### The task
Your answer must be the full listing below, restated word for word, with no pictures in it.

### Data
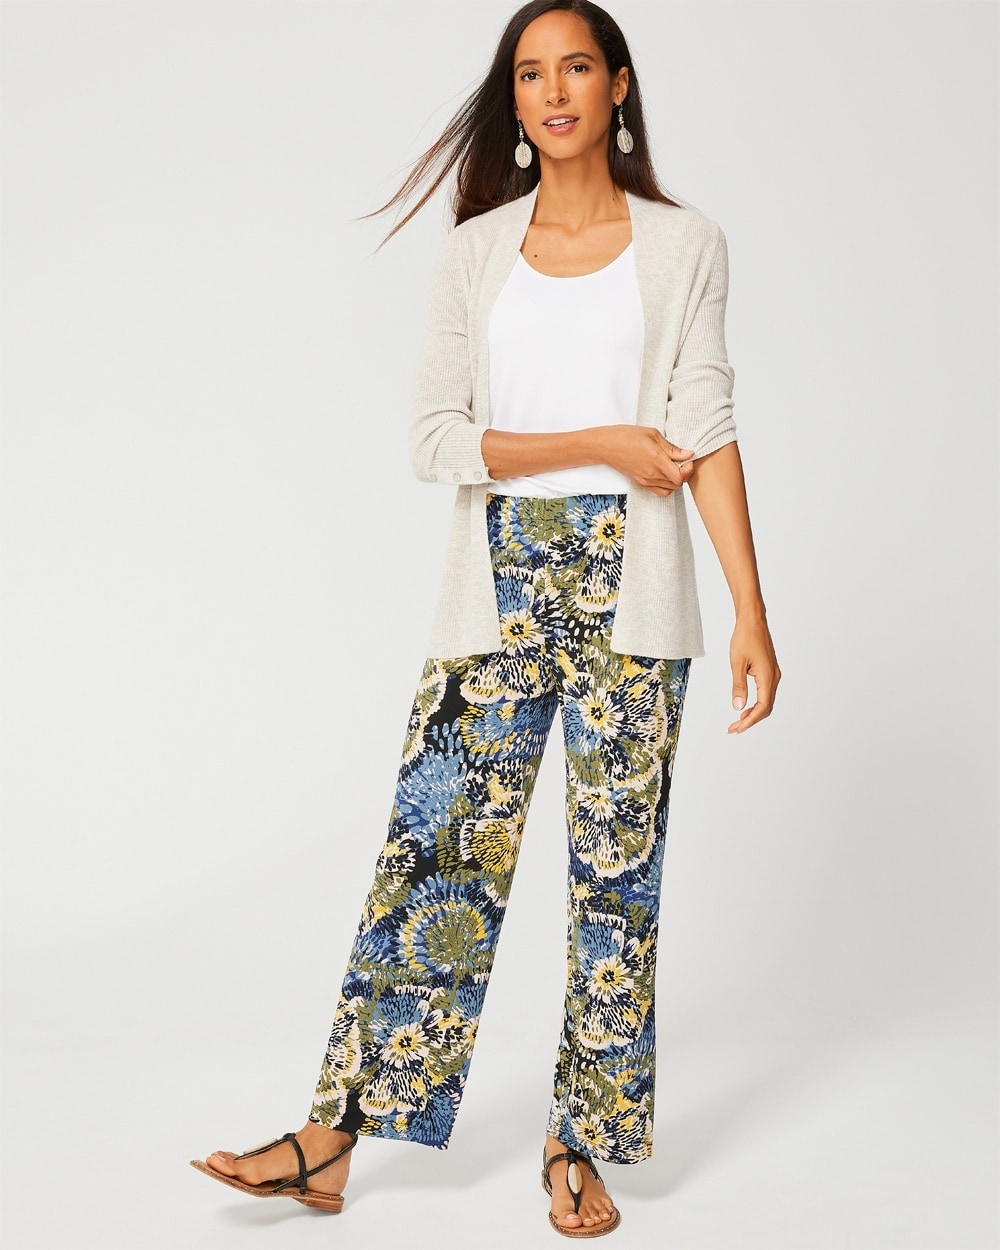 Floral Drops Palazzo Pants - Chico's Off The Rack - Chico's Outlet
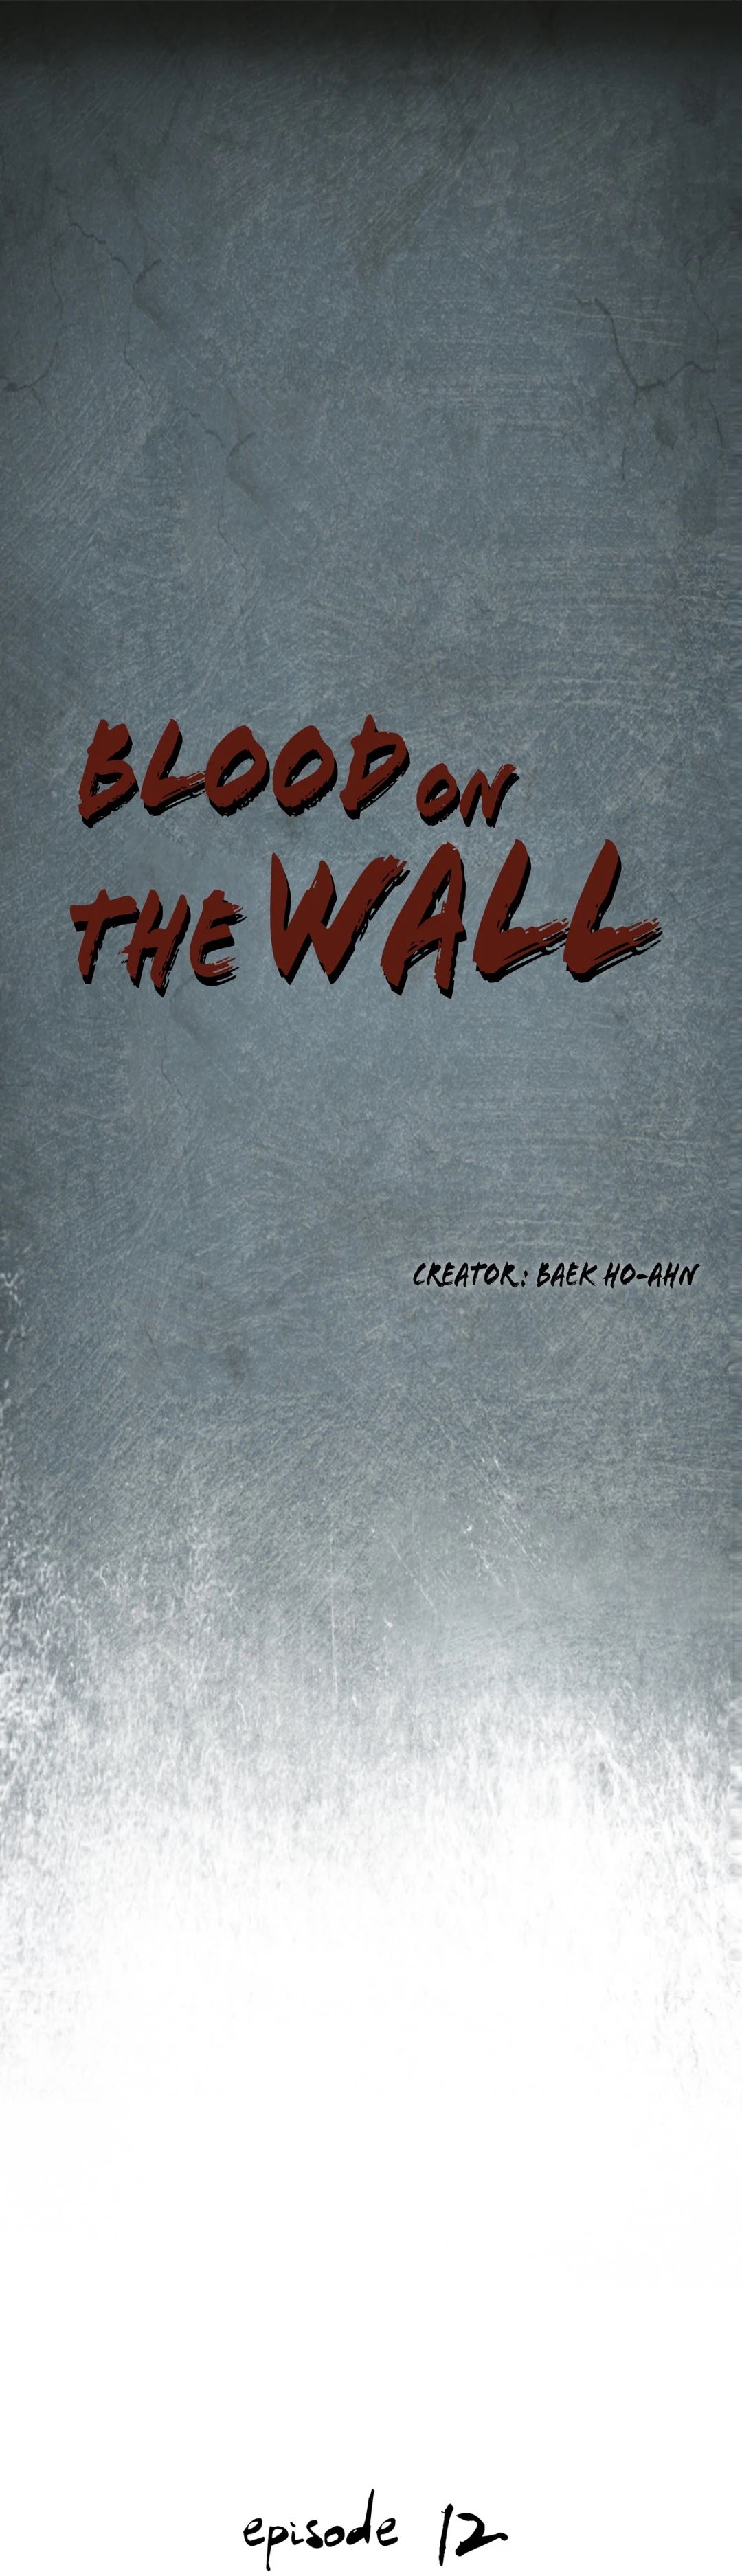 Blood on the wall image
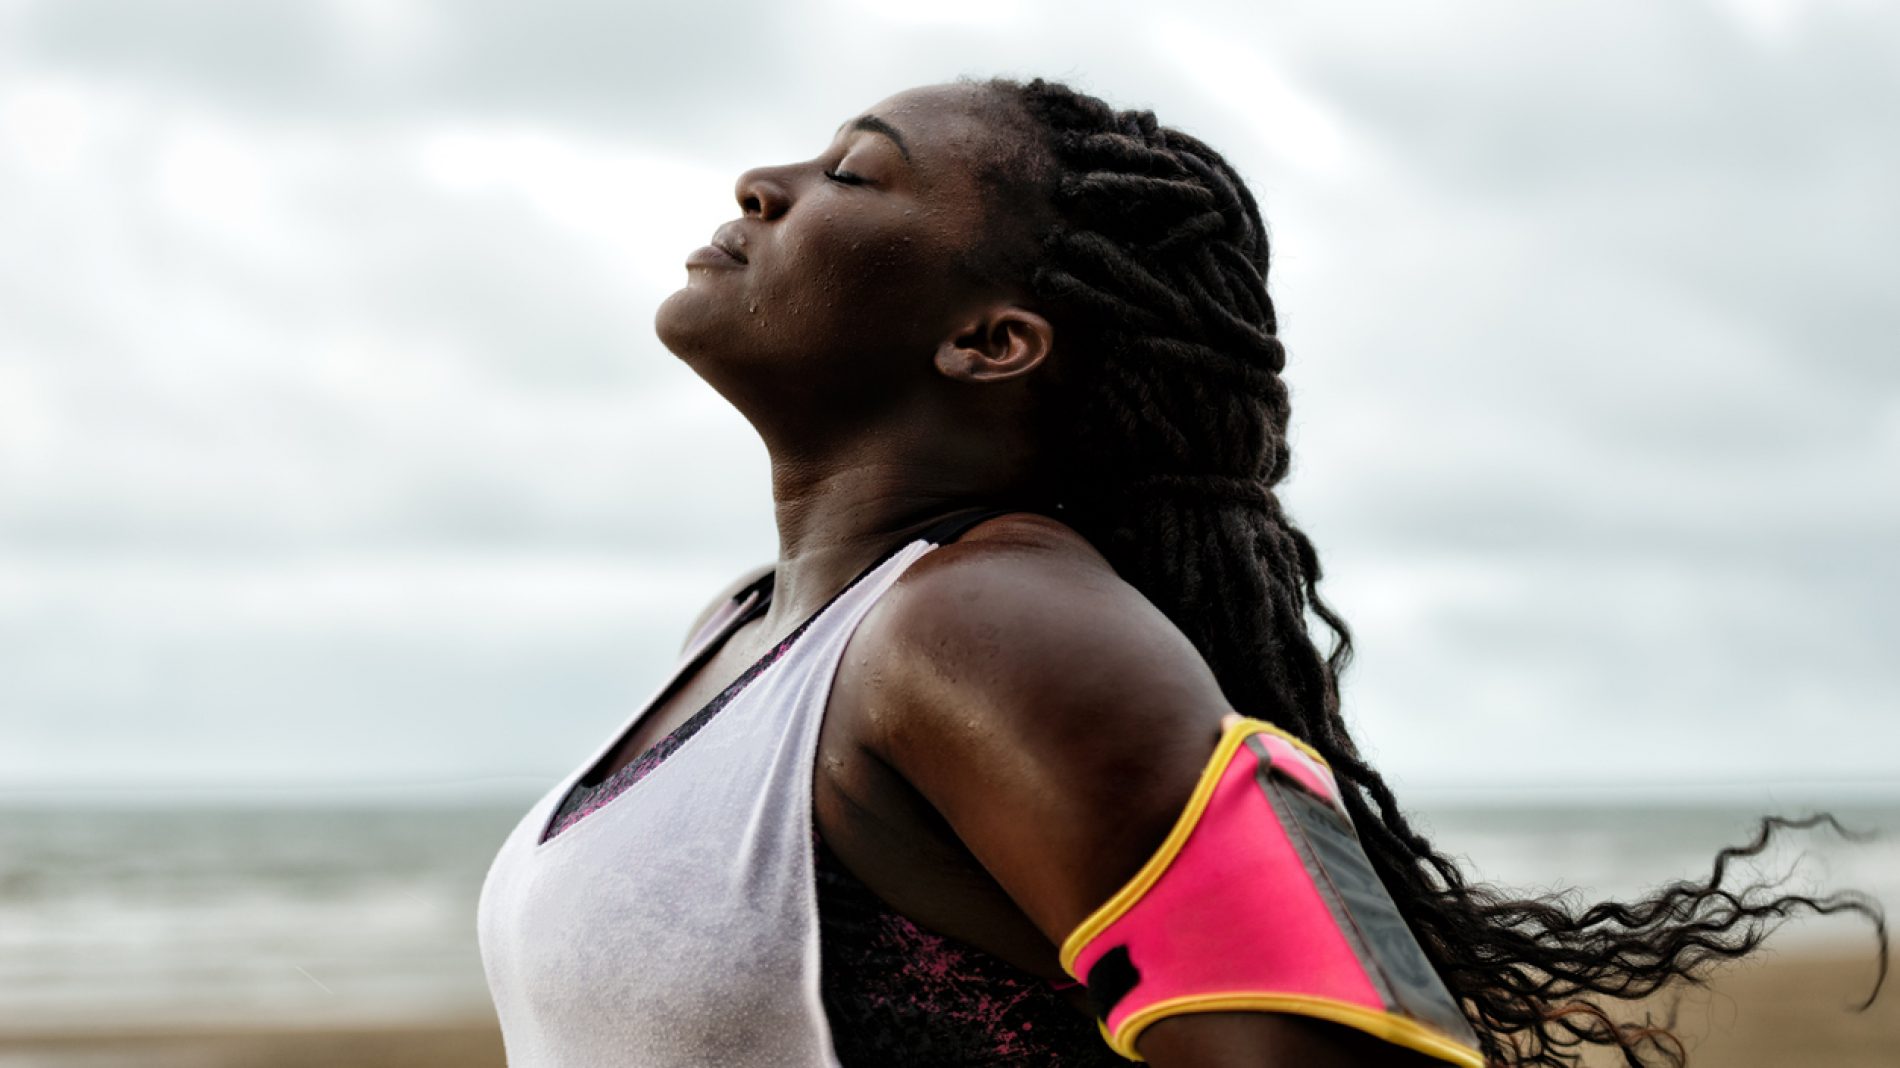 african woman standing under the rain,eyes closed, after workout on beach
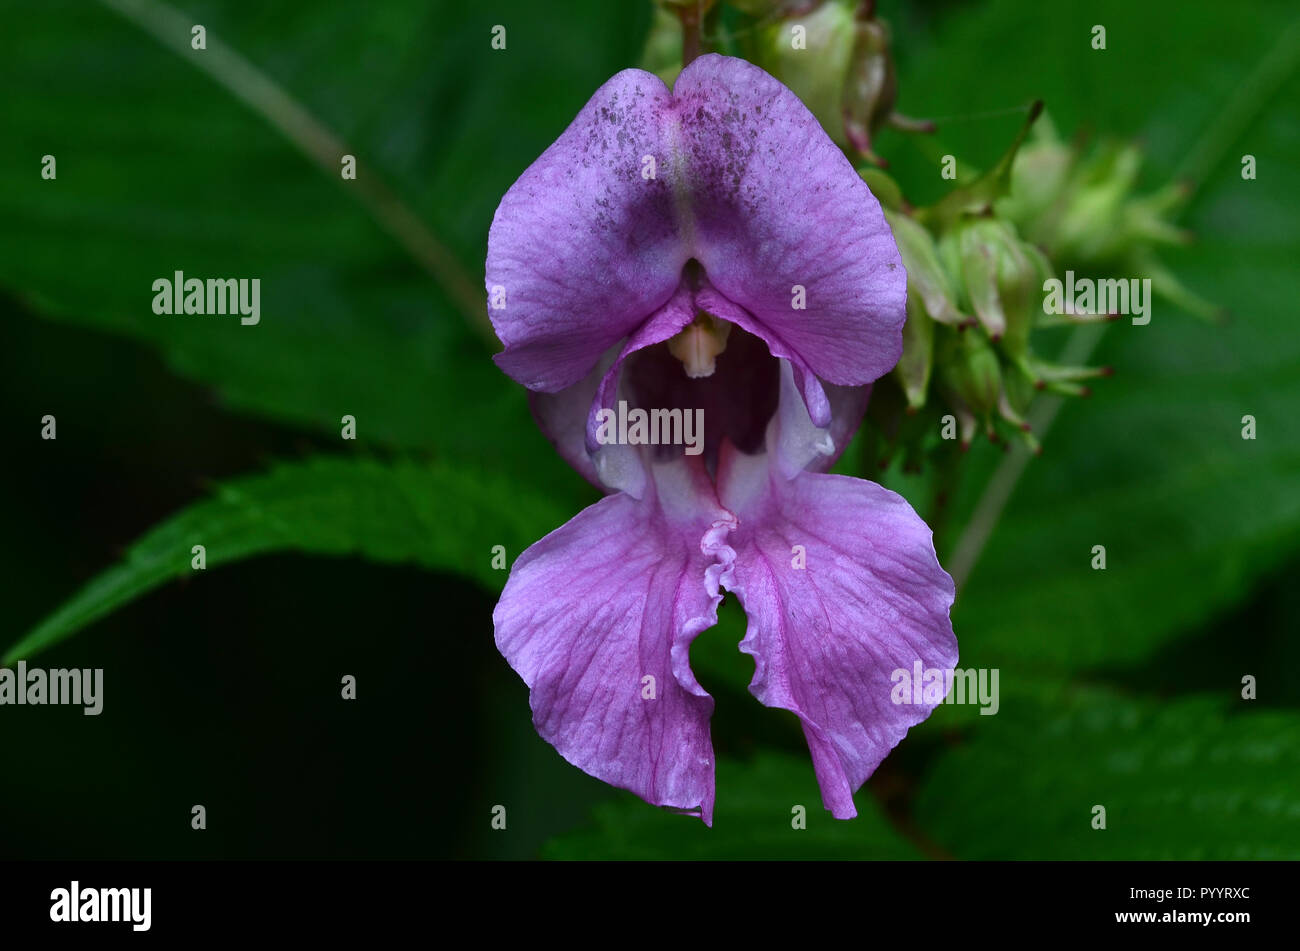 Close up of Indian or Himalayan balsam flower Stock Photo

### Exercise answer
 Floral Drops Palazzo Pants - Chico's Off The Rack - Chico's Outlet
 Blood on the wall image
 african woman standing under the rain,eyes closed, after workout on beach
 Close up of Indian or Himalayan balsam flower Stock Photo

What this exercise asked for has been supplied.